Монтень уже знал, что человек не имеет неподвижных свойств, что поступки определяются обстоятельствами, а ценность вещей в какой-то мере зависит от их положения в контексте данного субъективного сознания. "Страдание, - сказал Монтень, - занимает в нас не больше места, чем сколько мы ему предоставляем" (I, 74). И он прямо говорит о "текучести" сознания: "Сколько бы различных побуждений ни волновало ее (душу человека. - Л. Г.), среди них есть такое, которое неизменно одерживает верх. Впрочем, его победа никогда не бывает настолько решительной, чтобы, в силу податливости и изменчивости нашей души, более слабые побуждения не отвоевывали себе при случае места и не добивались, в свою очередь, кратковременного преобладания. И по этой причине одна и та же вещь, как мы видим, может заставить и смеяться и плакать..." (I, 295).
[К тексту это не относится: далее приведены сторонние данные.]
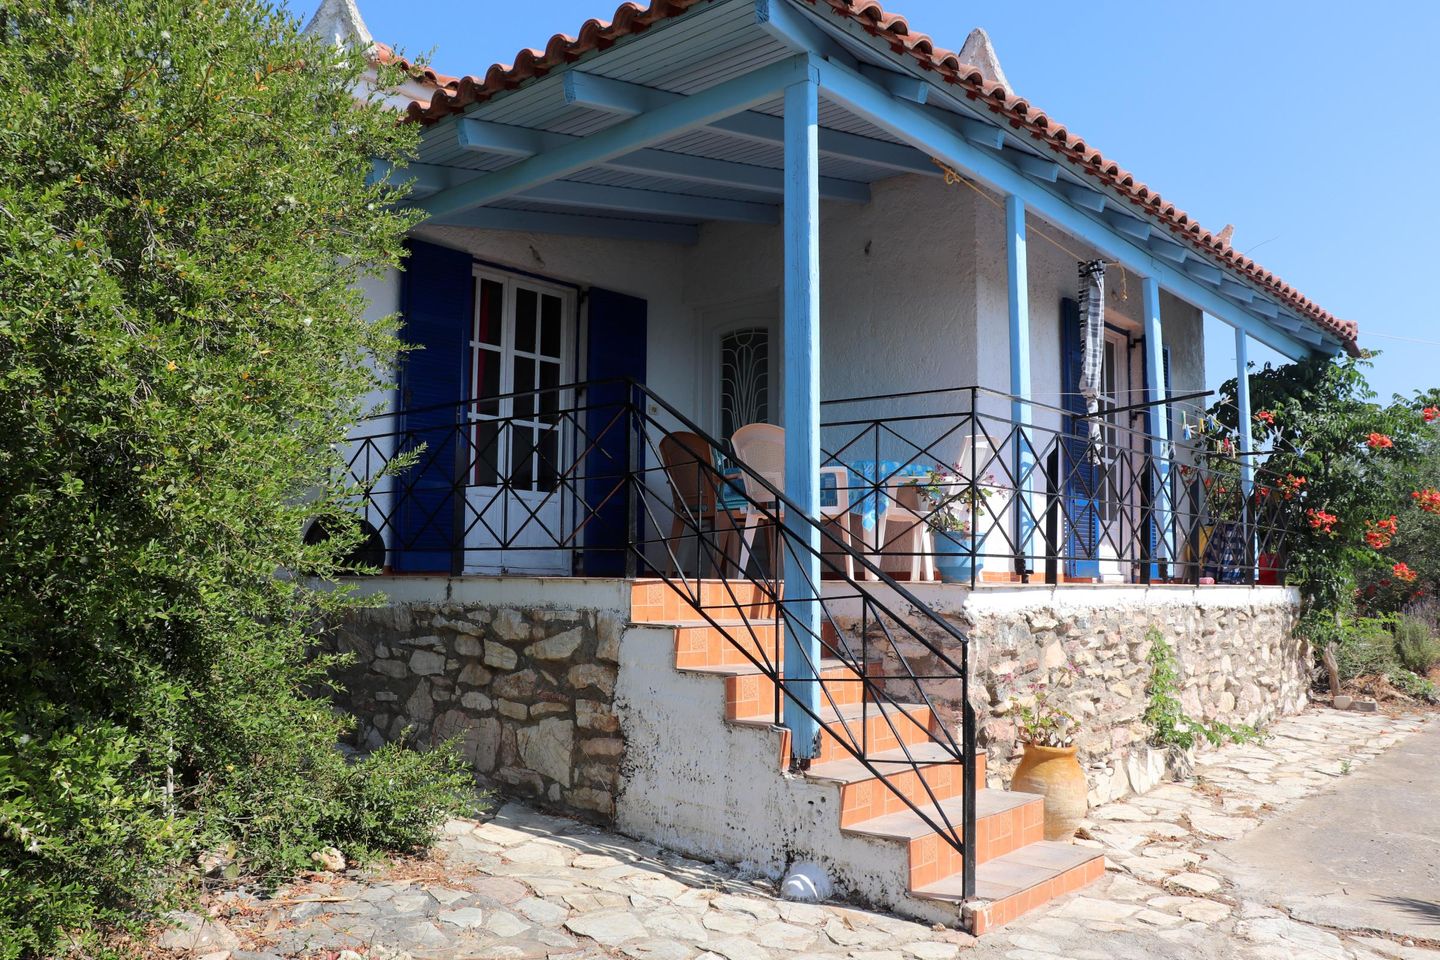 Ferienhaus inmitten von Olivenhainen, Meerblick, W  in Griechenland

Идея текучести расторгала тождество поступка и мотива. Поступки, "исполненные добродетели", "на деле не таковы, ибо нас влекут к ним выгода, слава, страх, привычка и другие столь же далекие от добродетели побуждения. Справедливость, доблесть, доброта, которые мы обнаруживаем при этом, могут быть названы так лишь теми, кто смотрит со стороны, на основании того облика, в каком они предстают на людях, но для самого деятеля это никоим образом не добродетель: он преследует совершенно иные цели, им руководят иные побудительные причины" (I, 290).